Endocrine Abstracts

Background: The adrenal incidentalomas (AI), adrenal masses ≥10 mm in diameter incidentally detected, have increased their prevalence due to technological advances in imaging. The adrenalectomy is indicated in functioning adrenal tumors and in cases suspected of malignancy.

Objectives: To analyze the characteristics of patients with AI and to evaluate the clinical outcome, in terms of evolution toward hypersecretion and significant growth, during follow-up over 5 years.

Methods: Observational, descriptive and retrospective study of patients with AI observed in our Department between January and October 2013.

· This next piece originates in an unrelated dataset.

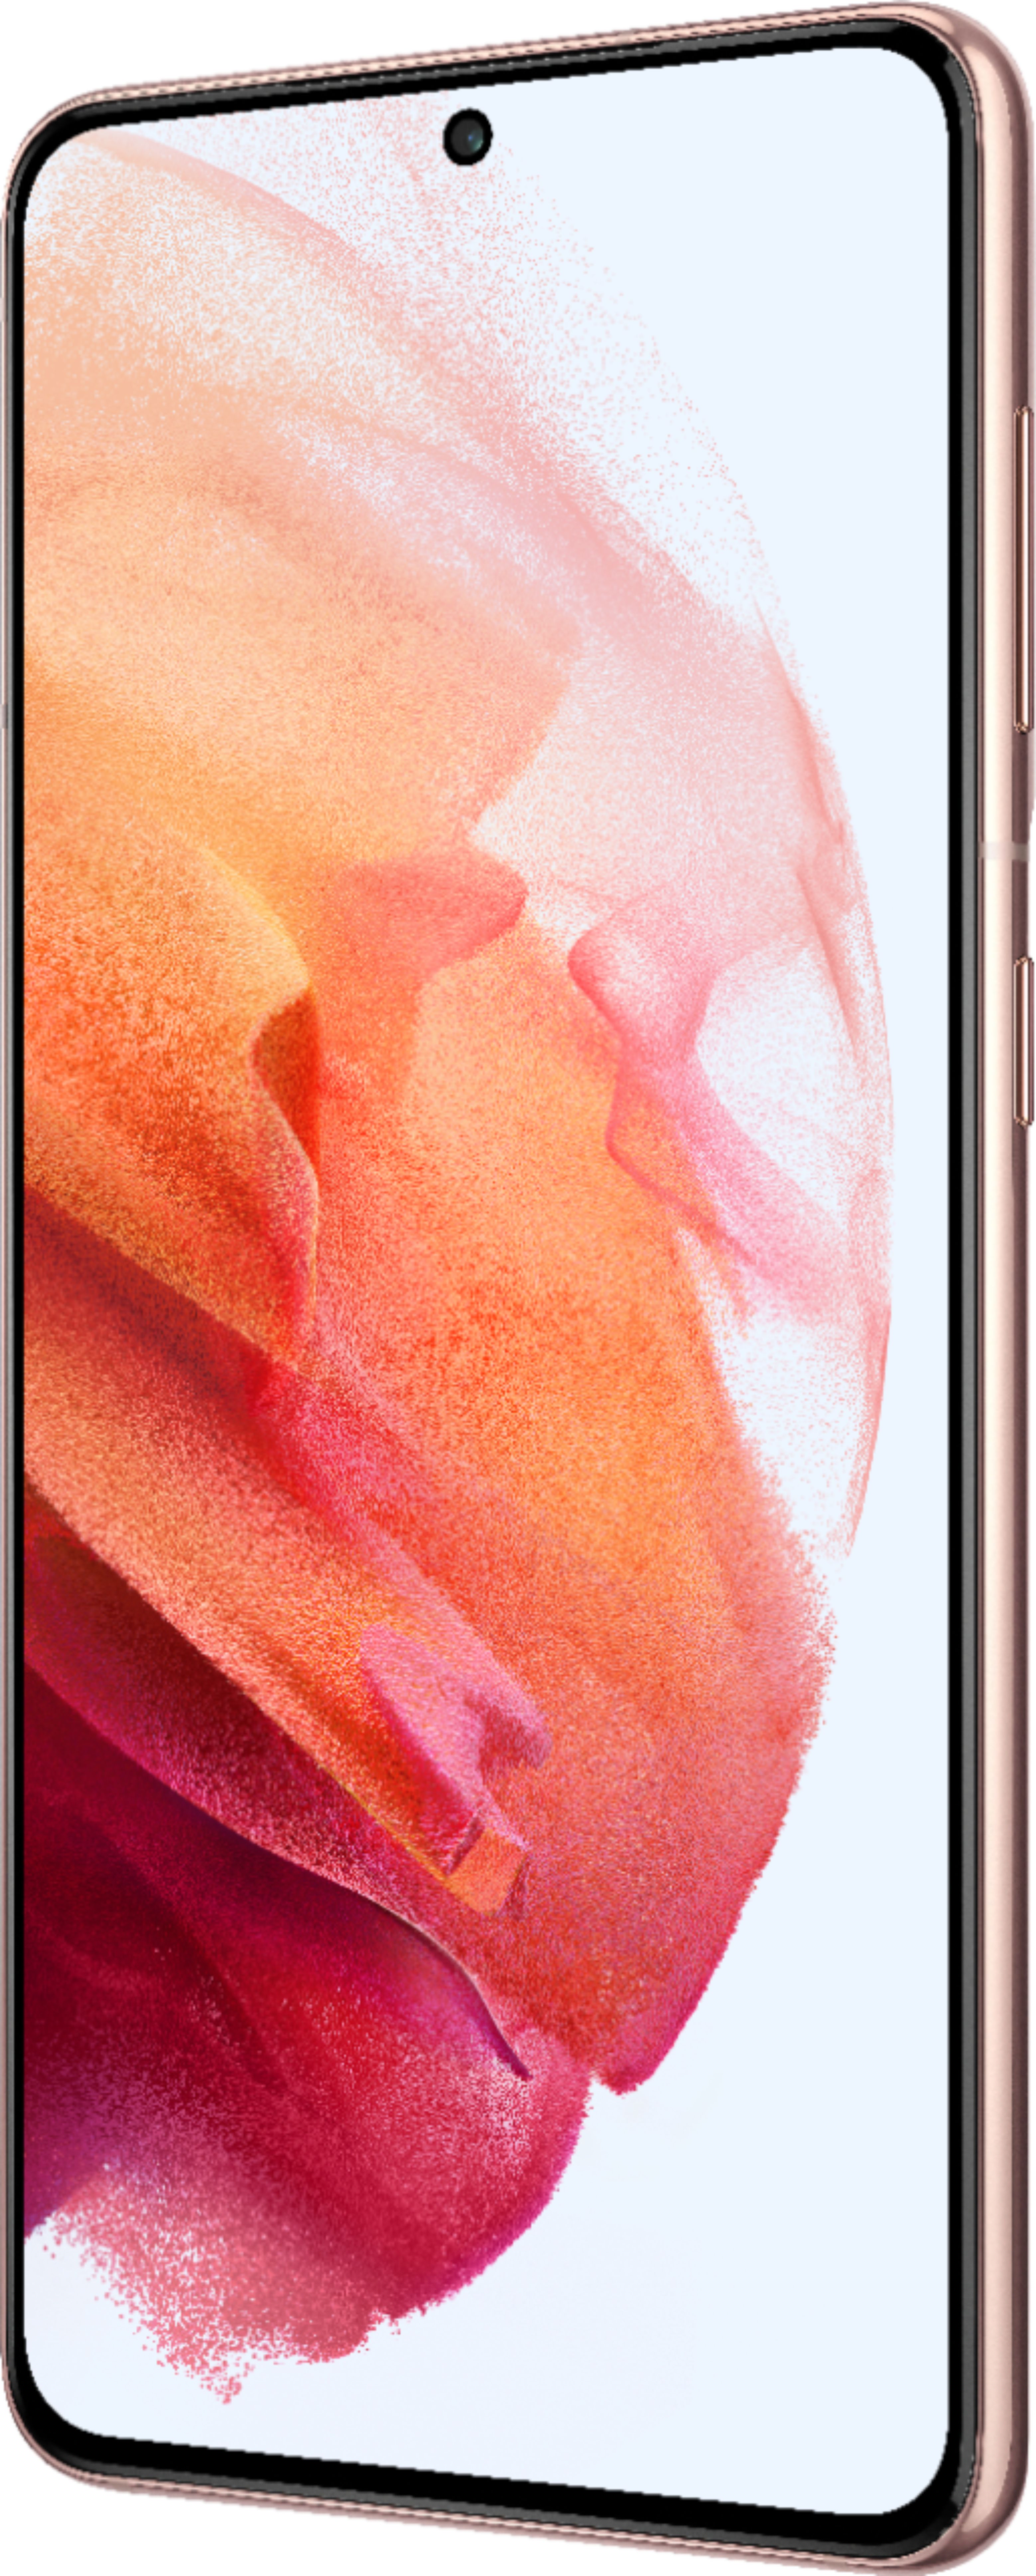 Samsung Galaxy S21 5G G991B 256GB Dual Sim GSM Unlocked Android Smartphone (International Variant/US Compatible LTE) - Phantom Pink - image 3 of 9

Results: Among the 64 included patients, 57.8% were female and the mean age of diagnosis was 58.6±11.8 years. The median diameter of AI was 25 mm (range 10–85 mm). The most of AI (76.6%) had a diameter ≤30 mm and six AI had a diameter ≥40 mm. Of these six, two showed imaging features of adrenal myelolipomas (40–50 mm) and of the remaining four (diameter>50 mm) three were pheochromocytomas and the last one was a probable metastatic disease. The functionality evaluation revealed that 50 (78.1%) patients had non-functional masses, the subclinical Cushing’s syndrome (SCS) was diagnosed in three (4.7%), pheochromocytoma in another three, and primary hyperaldosteronism in one case (1.6%). The median time of follow-up was 19 months, range 4–109 months. After 3 years of follow-up, one patient had a significant growth of AI (10 mm) and two acquired autonomous cortisol secretion (SCS). Eight patients (12.5%) were oriented to surgical treatment, namely due to functionality (n=5), structural changes (n=2) and significant growth (n=1).

Conclusion: Excluding myelolipomas, the AI ≥4 cm in diameter corresponded to hormonally active or malignant lesions, so adrenalectomy in these tumors seems undeniable. The percentage of AI which grew significantly and became active was low, therefore it’s surely questionable the relevance of the long term follow-up of these patients.